# ACTIVITY
Your copy should hold only the lines from the one with "Maxflow5 Oiled Replacement" to the one with "JO2407 SNCF, 140", both included, each exactly as it stands below, with no pictures.

# SOURCE MATERIAL
=== Begin Enclosure ===

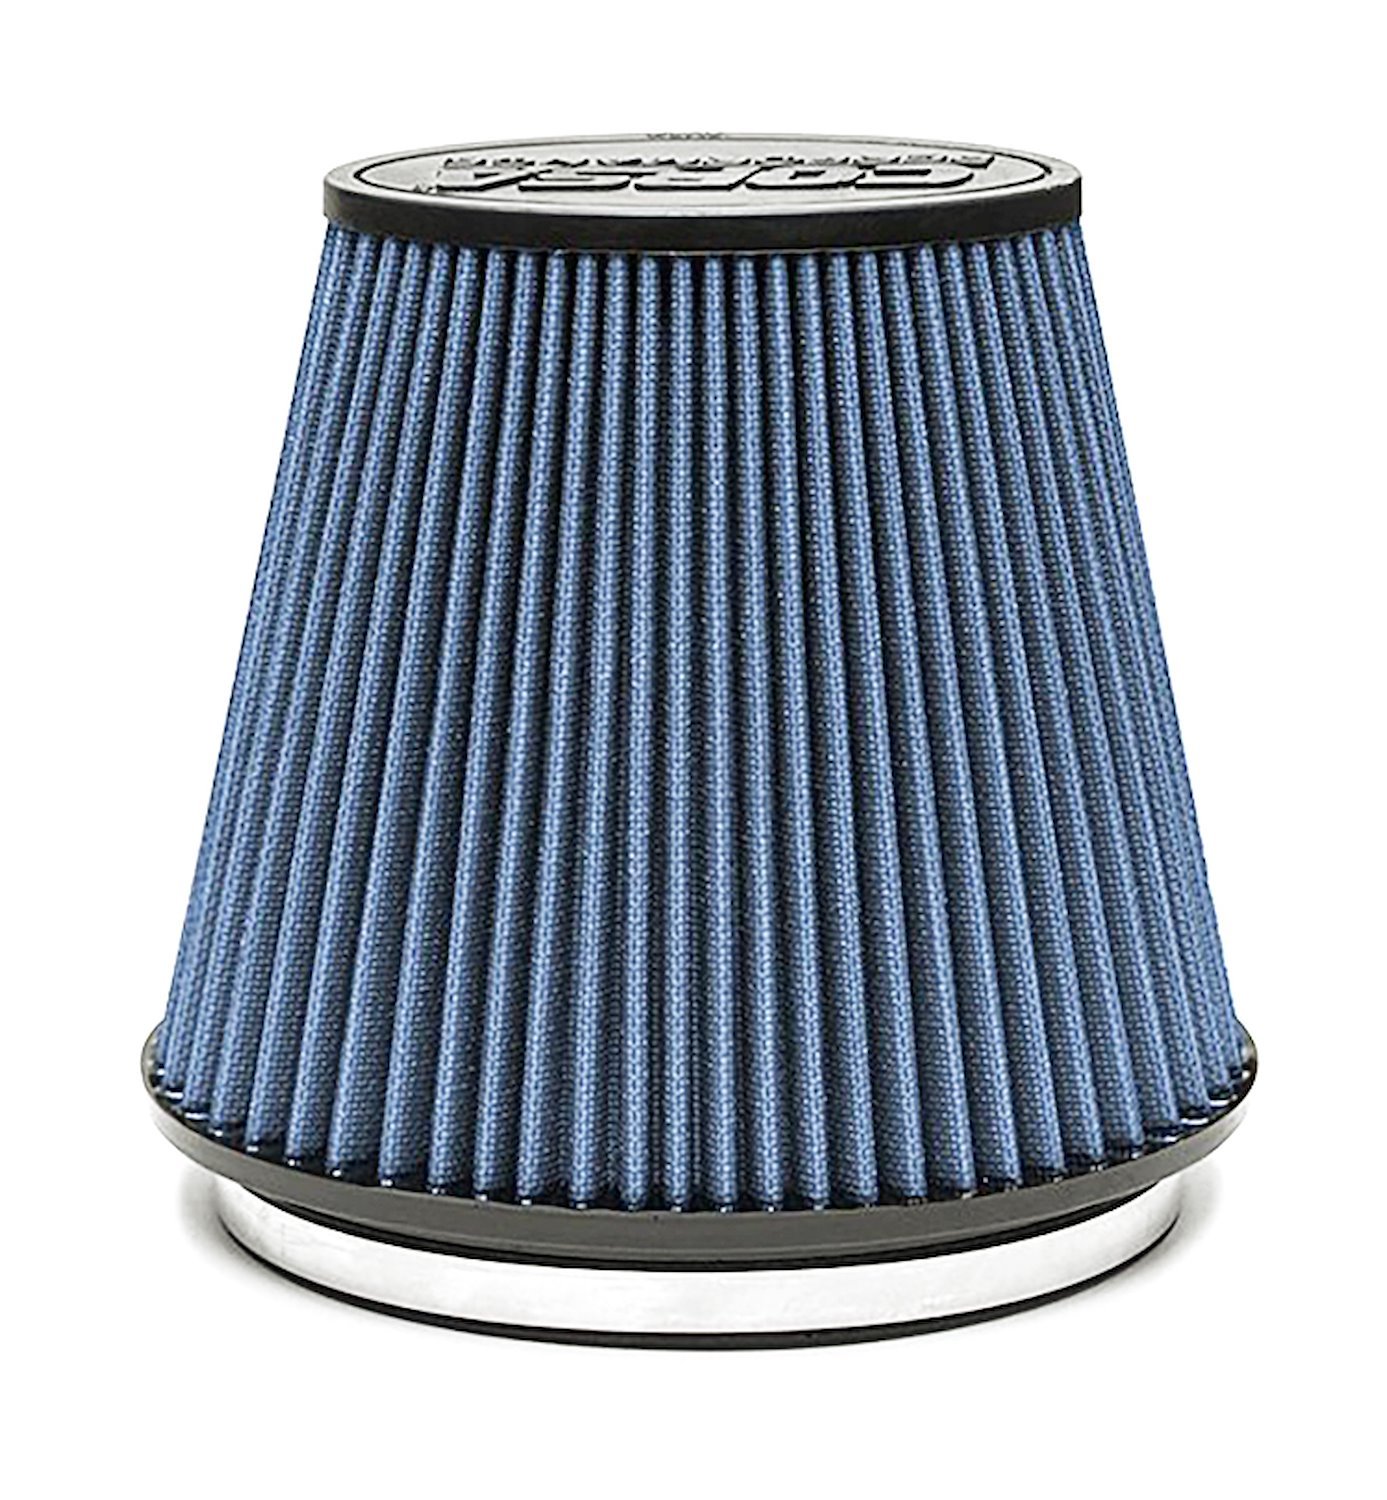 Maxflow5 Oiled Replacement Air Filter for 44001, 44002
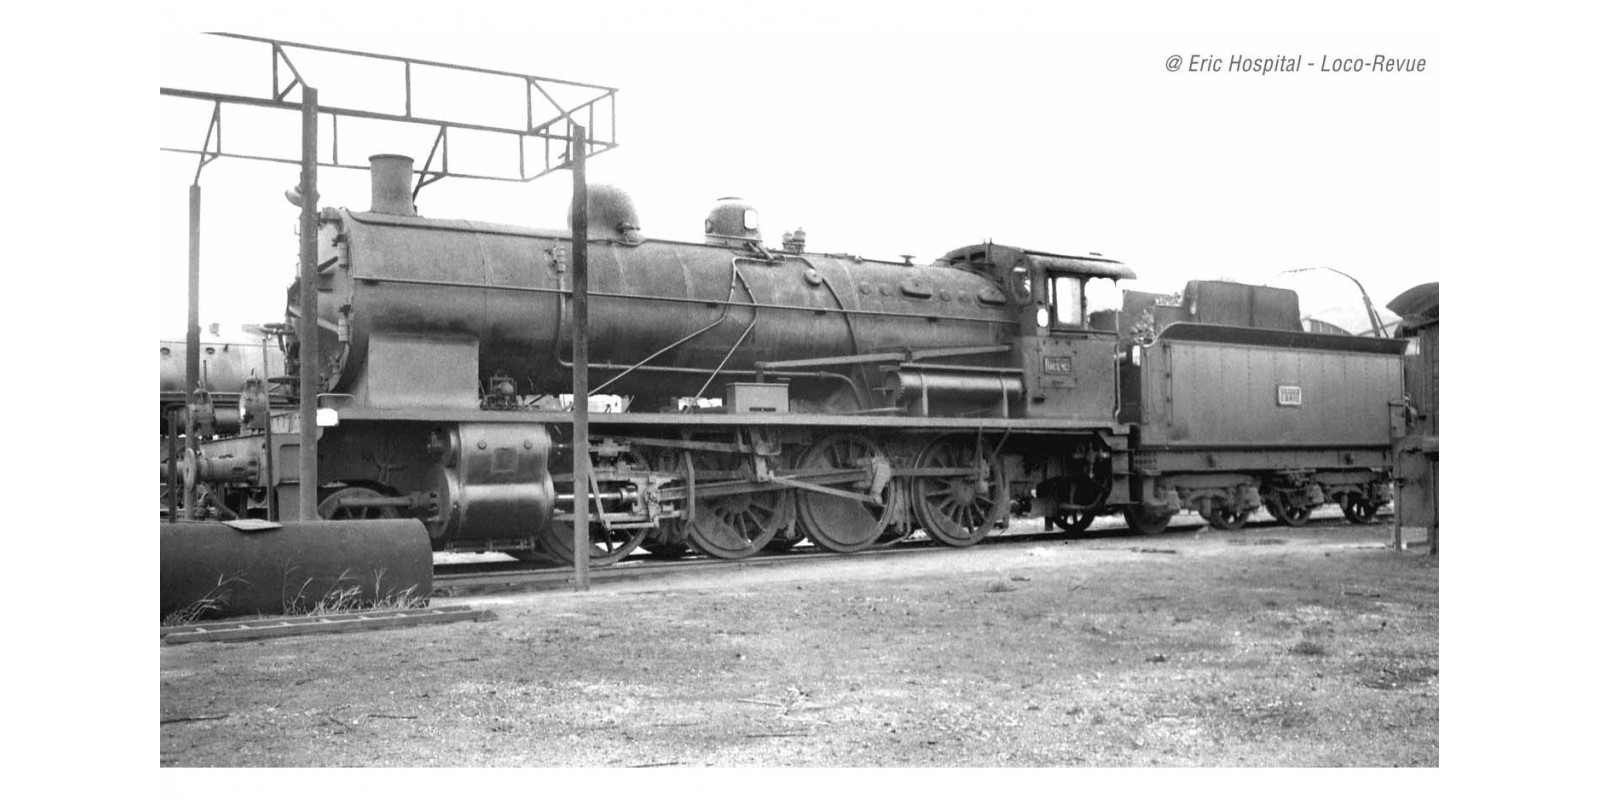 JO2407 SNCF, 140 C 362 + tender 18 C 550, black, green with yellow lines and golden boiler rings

=== End Enclosure ===
=== Begin Enclosure ===

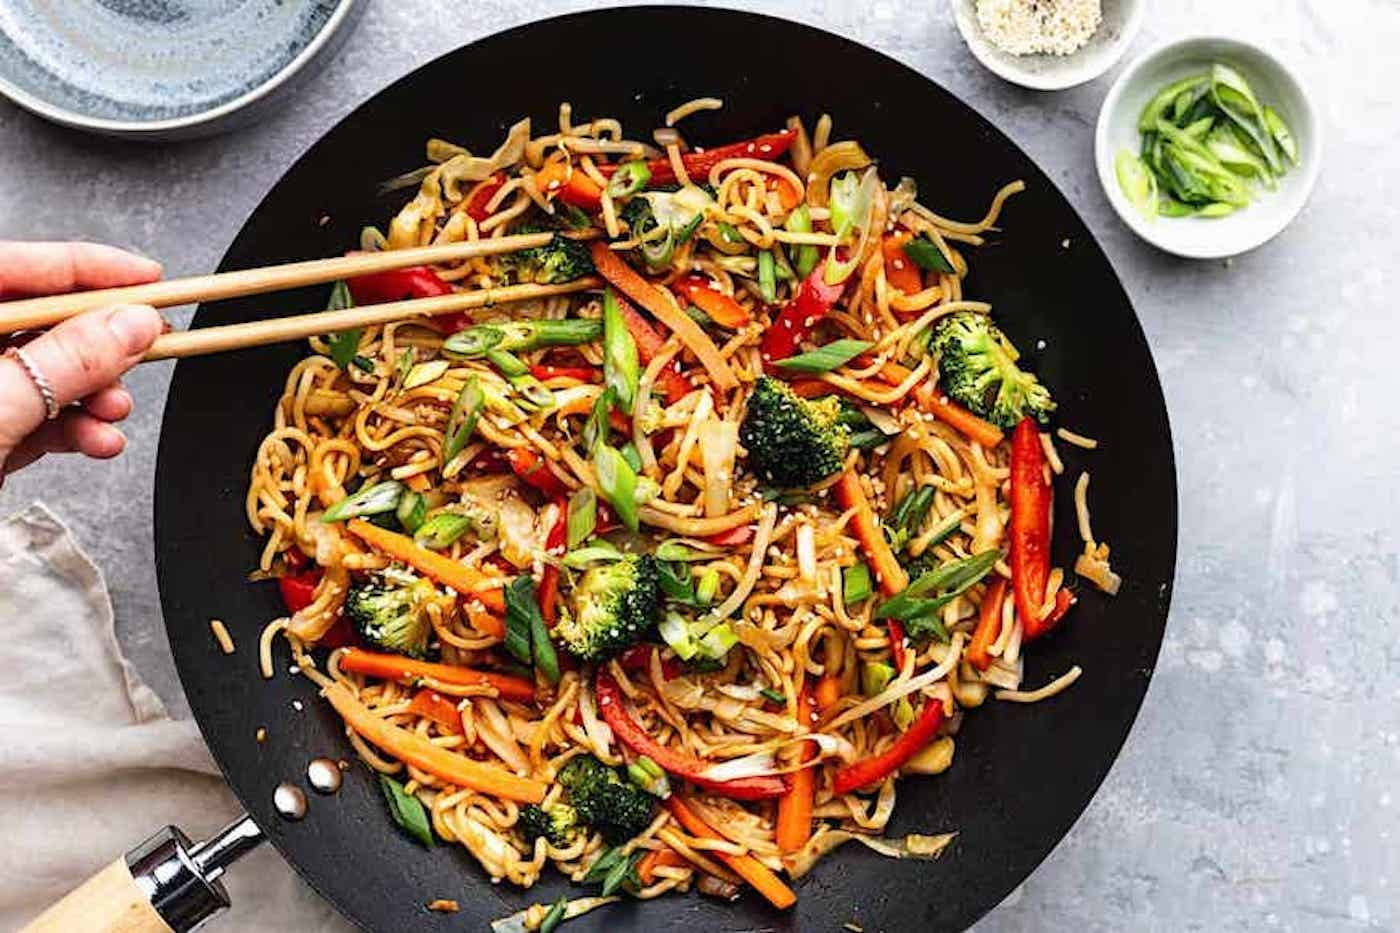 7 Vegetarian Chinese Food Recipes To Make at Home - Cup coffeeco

=== End Enclosure ===

# SOLUTION
 Maxflow5 Oiled Replacement Air Filter for 44001, 44002
 JO2407 SNCF, 140 C 362 + tender 18 C 550, black, green with yellow lines and golden boiler rings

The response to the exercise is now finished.